We can see how the BLAST hits, Genewise and Exonerate predictions (first 3 boxes) which overlap completely. The two green boxes are the visual representations of tCoffee mentioned before. The first box (Ex-Tc) refers to the Exonerate T-Coffee, and the second (GW-Tc) refers to the Genewise one. Note that there is a text line that indicates which is the T-Coffee score, the % of homology and information about the alignment of the Sec (in this case it was perfectly aligned, and this is labeled as ''true'').

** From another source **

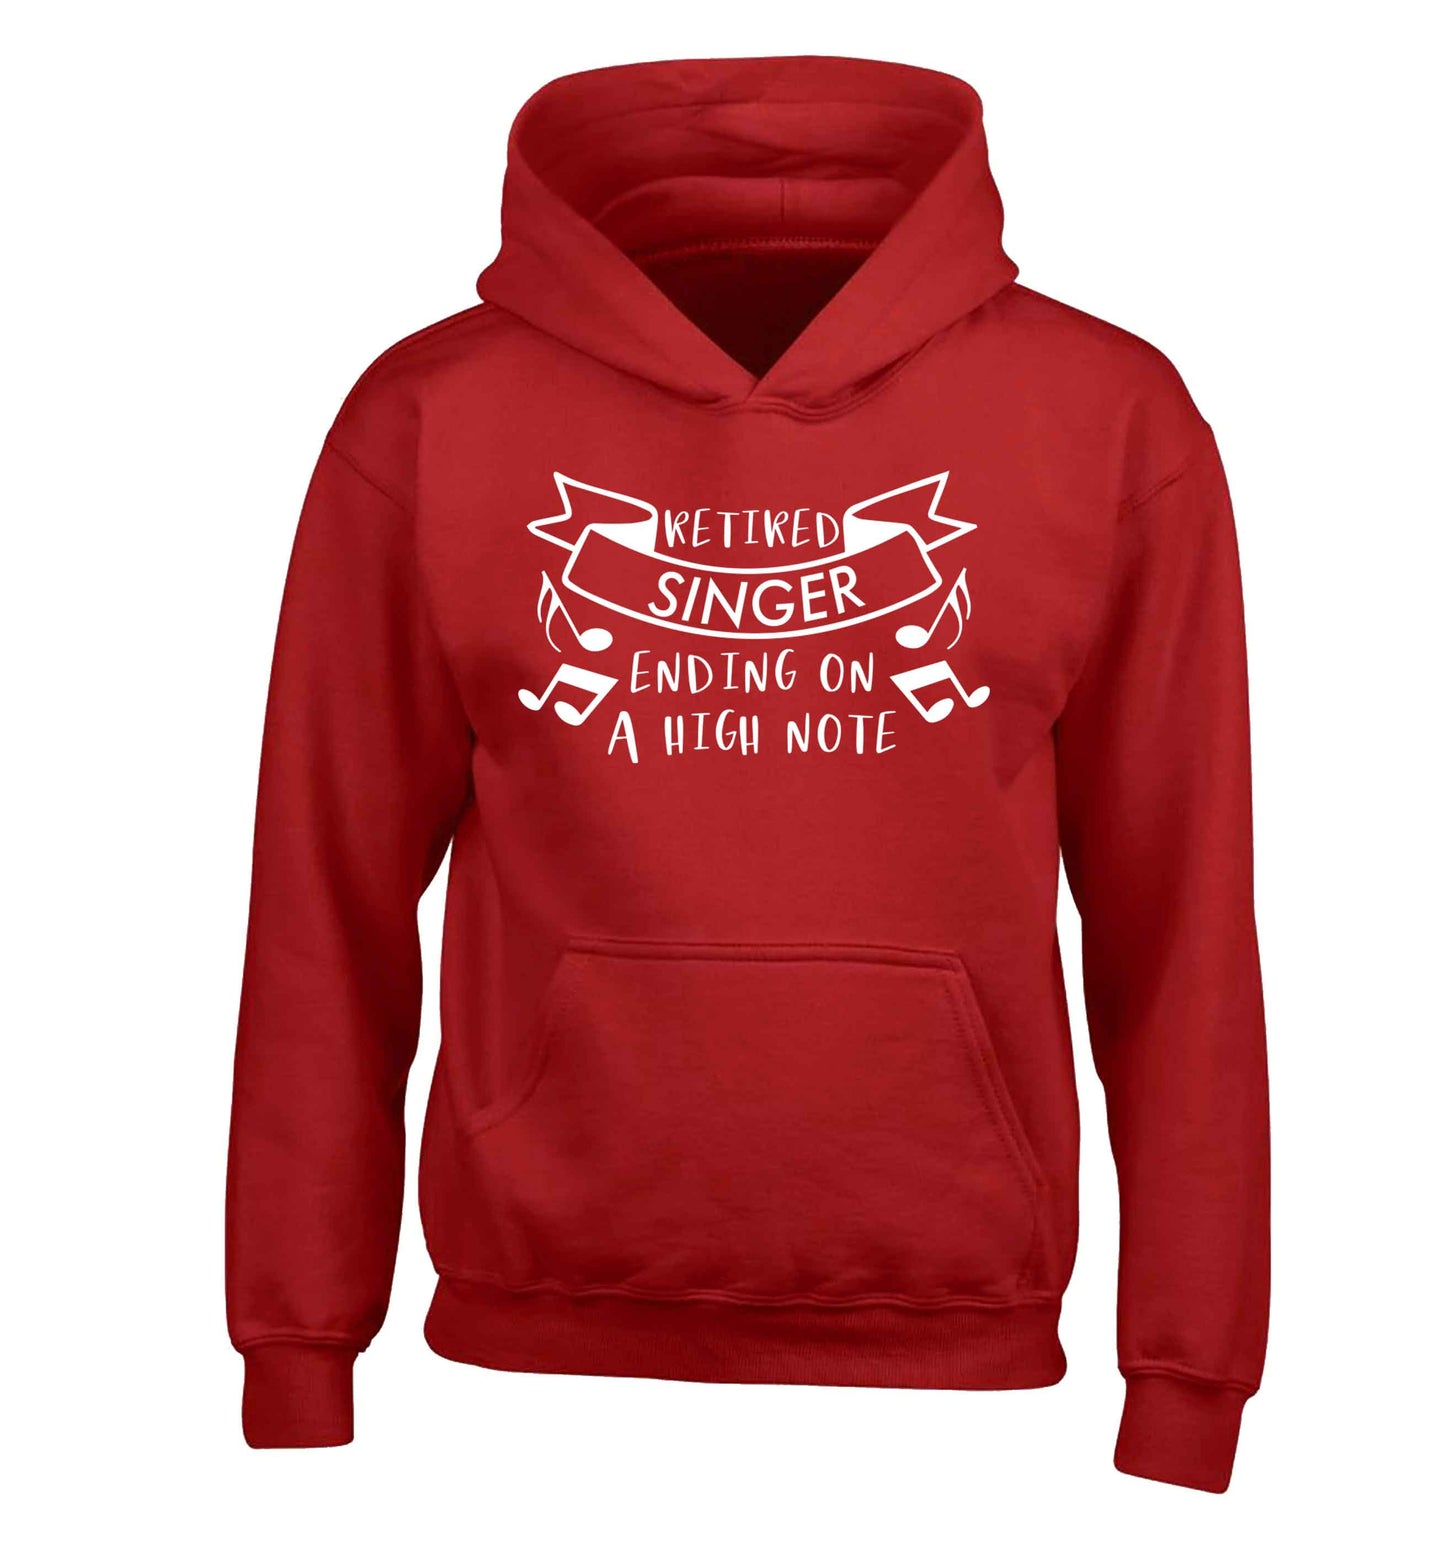 Retired singer ending on a high note children's red hoodie 12-13 Years

To understand better how this T-Coffee visual representation works we present the predicted genes in contig CM004096.1, which have very low homology. Below is a zoomed region of the T-Coffee obtained:



Each of the colors describes how is each query amino acid aligned with the predicted protein:

  • Green is match
  • Red is miss-match
  • Yellow is a gap in the predicted protein
  • Purple is a gap in the query protein
There is also a blue outlined box which corresponds to the query Sec. In this case we can see how this prediction had very low homology and the Sec was aligned with a gap (yellow box), so that we discarded it from the analysis.

We used this analysis framework combined with manual verifications to browse among all our files and make precise protein predictions (see discussion for a detailed explanation), in a high-throughput and friendly-interface manner. All figures are attached to the results table.